11.        Must not “mix” their property with that of the Principal’s property and doing so would be in breach of the Attorney’s

              obligations.  When it comes to managing the Principal’s finances, Section 69 of the Act states that “an Attorney for financial

              matters under an Enduring Power of Attorney must keep the Attorney’s property separate from the Principal’s property”;

For example, an Attorney is not permitted to arrange a bank card in their personal name, to be linked to the Principal’s bank accounts, even if doing so was for the sole purpose of providing the Attorney easier and quicker access to the Principal’s bank accounts to pay their bills.  This is strictly prohibited under the Act as this would be considered “mixing” the Principal’s property with that of their own.

The Act provides exception for when the above does not apply, such as property that is already owned jointly by the Attorney and the Principal like real property held as tenants in common etc; and

12.        Must not gift the Principal’s property.  The Act provides exceptions for when an Attorney may be permitted to make a gift of

               the Principal’s property.

There may be times where it may be permitted for an Attorney to make a gift of the Principal’s property and before doing so, an Attorney must consider a few things before making a gift.  An Attorney is required to consider the Principal’s financial circumstances and whether the reason for the gift is considered reasonable under the Act.  The gift of the Principal’s property may be made by an Attorney to the Principal’s relative or close friend.  A special occasion such as a birth, or marriage, for the Principal’s relative, or close friend, may be considered reasonable for an Attorney to make a gift of the Principal’s property, whilst still taking into consideration the Principal’s financial circumstances.

As noted above, any gifts made by an Attorney from the Principal’s property must be accurately recorded by the Attorney.  

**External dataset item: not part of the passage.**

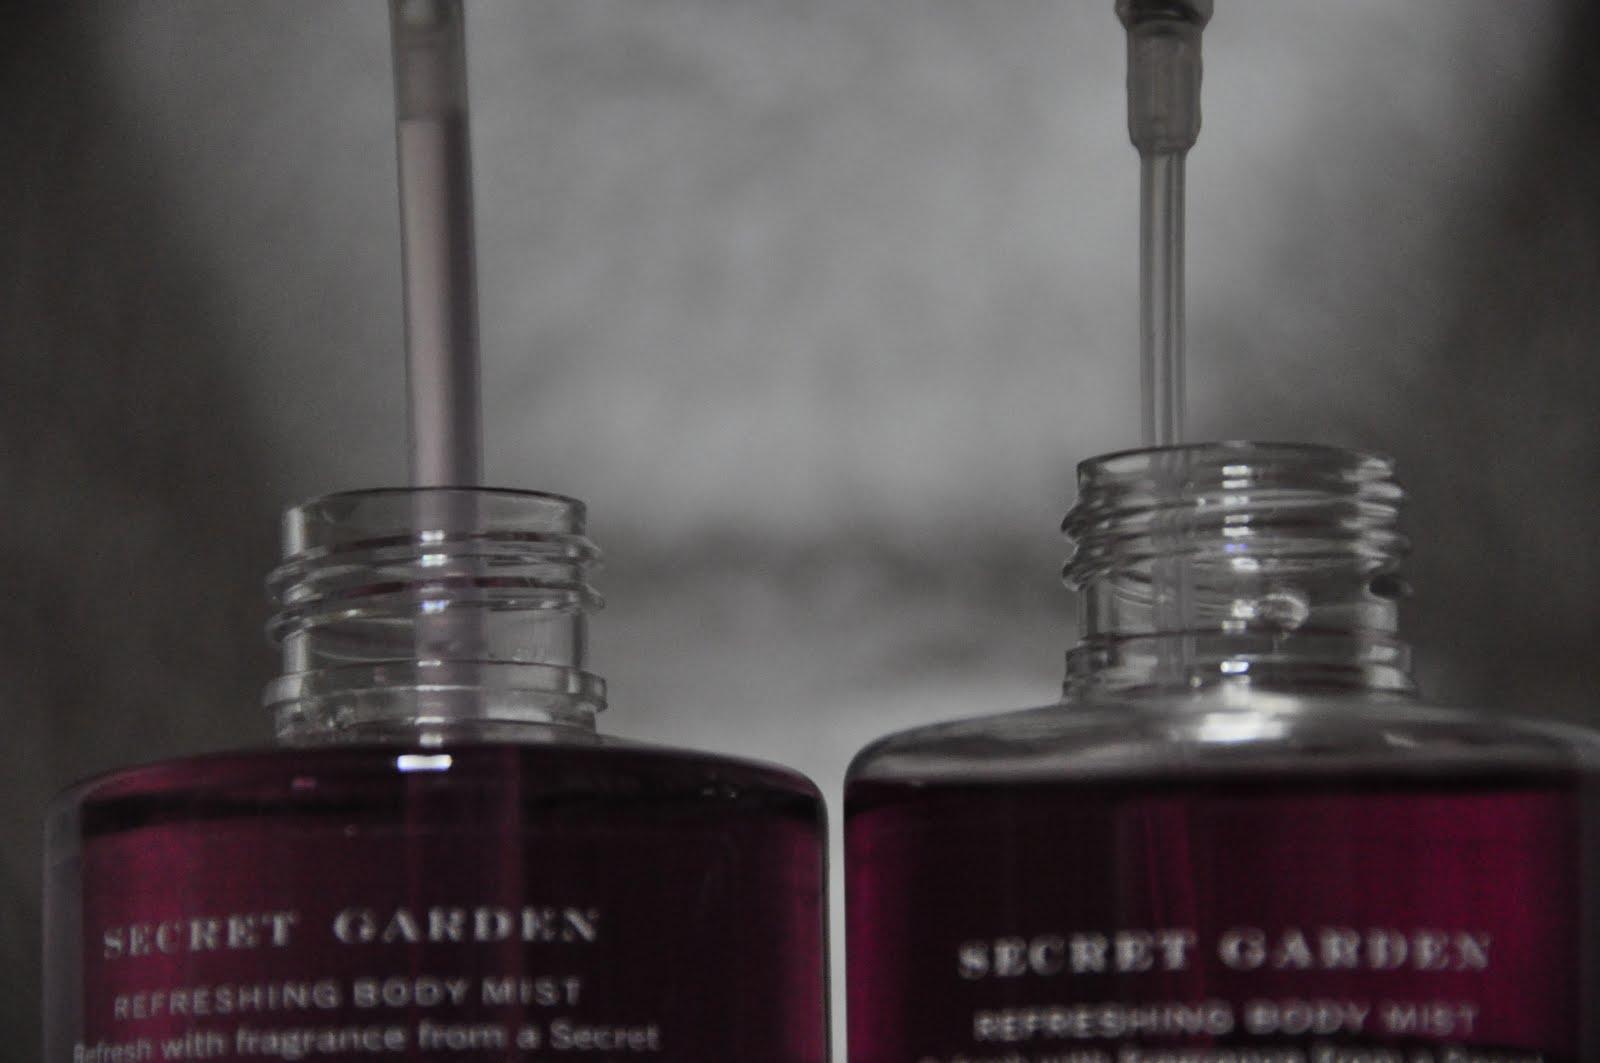 6 ways to distinguish the original from the fake perfume

 When an Attorney is in breach of their duties

If an Attorney breaches their obligations under the Act, an application can be made by any interested party to the Supreme Court of Victoria or to VCAT to order the Attorney to personally compensate the Principal for any loss caused by the Attorney’s breach.  It is not unusual in these circumstances that the person bringing the action also applies to have the Attorney removed.  To be eligible to make application for this order, the person must have a special interest in the financial affairs of the Principal as prescribed under Section 78 of the Act.